Miss Hedgehog is missing! Obviously she has attracted too much attention :fust

Miss Hedgehog was last seen yesterday night resting on my bookshelf (highest level, which use to be a safe place too tall for evil paws to reach). And this morning she is nowhere to be seen. I have interrigated potential suspects, but they are not talking. I will continue my search. Miss Hedgehog please come back safe!


----------



## Nan (Oct 11, 2010)

Likely spots in my house would be under the couch or under the stove..


----------



## blossombeautiful (Jul 21, 2012)

cinderflower said:


> meatball and metoo are so cute!
> 
> and fran ^^ has the cheezeburger cat!!!


:butterfly Cheezburger!!!!!!!!!!1


----------



## Jacq (May 17, 2012)

It's a murder most spiny!!


----------



## yingying (Jul 19, 2011)

Nan said:


> Likely spots in my house would be under the couch or under the stove..

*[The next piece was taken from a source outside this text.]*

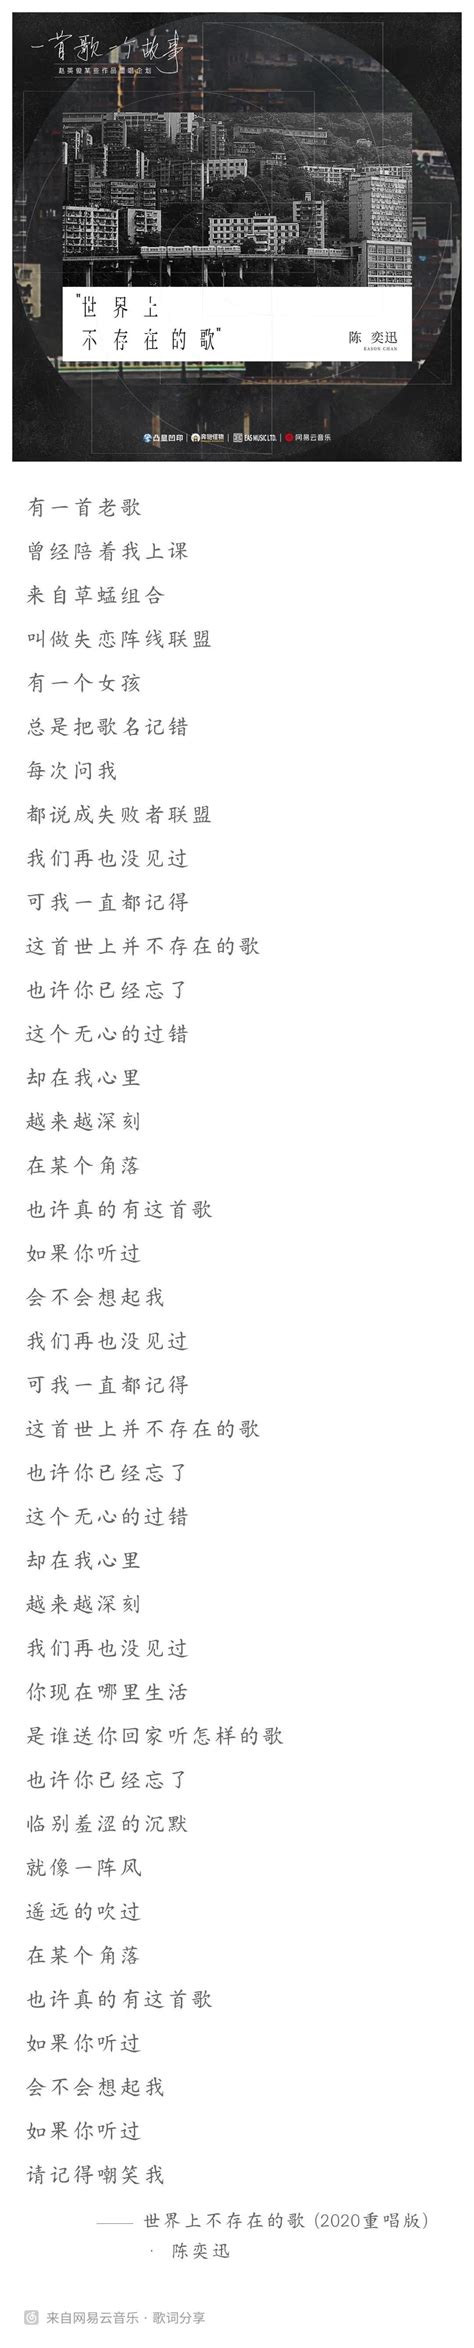 陈奕迅重新演绎单曲《世界上不存在的歌 (2020重唱版)》 - 神经迅息 - 神經研究所

I would prefer not to sweep under couch. God knows how many stuff were sucked into that black hole. My Meatball has a talent of pushing any small object from anywhere to under the couch in one minute. If I buy a new couch, I will never ever buy one that is off ground.

Another likely place in my home is behind the fridge. And again, I prefer what's over there remain unknown to me...


----------



## ndiniz (Jun 29, 2009)

I think I know who the culprits are behind Mrs. Hedgehog's disappearance!


----------



## maggie23 (Mar 10, 2012)

yingying said:


> *Breaking news!*
> 
> Miss Hedgehog is missing! Obviously she has attracted too much attention :fust
> 
> Miss Hedgehog was last seen yesterday night resting on my bookshelf (highest level, which use to be a safe place too tall for evil paws to reach). And this morning she is nowhere to be seen. I have interrigated potential suspects, but they are not talking. I will continue my search. Miss Hedgehog please come back safe!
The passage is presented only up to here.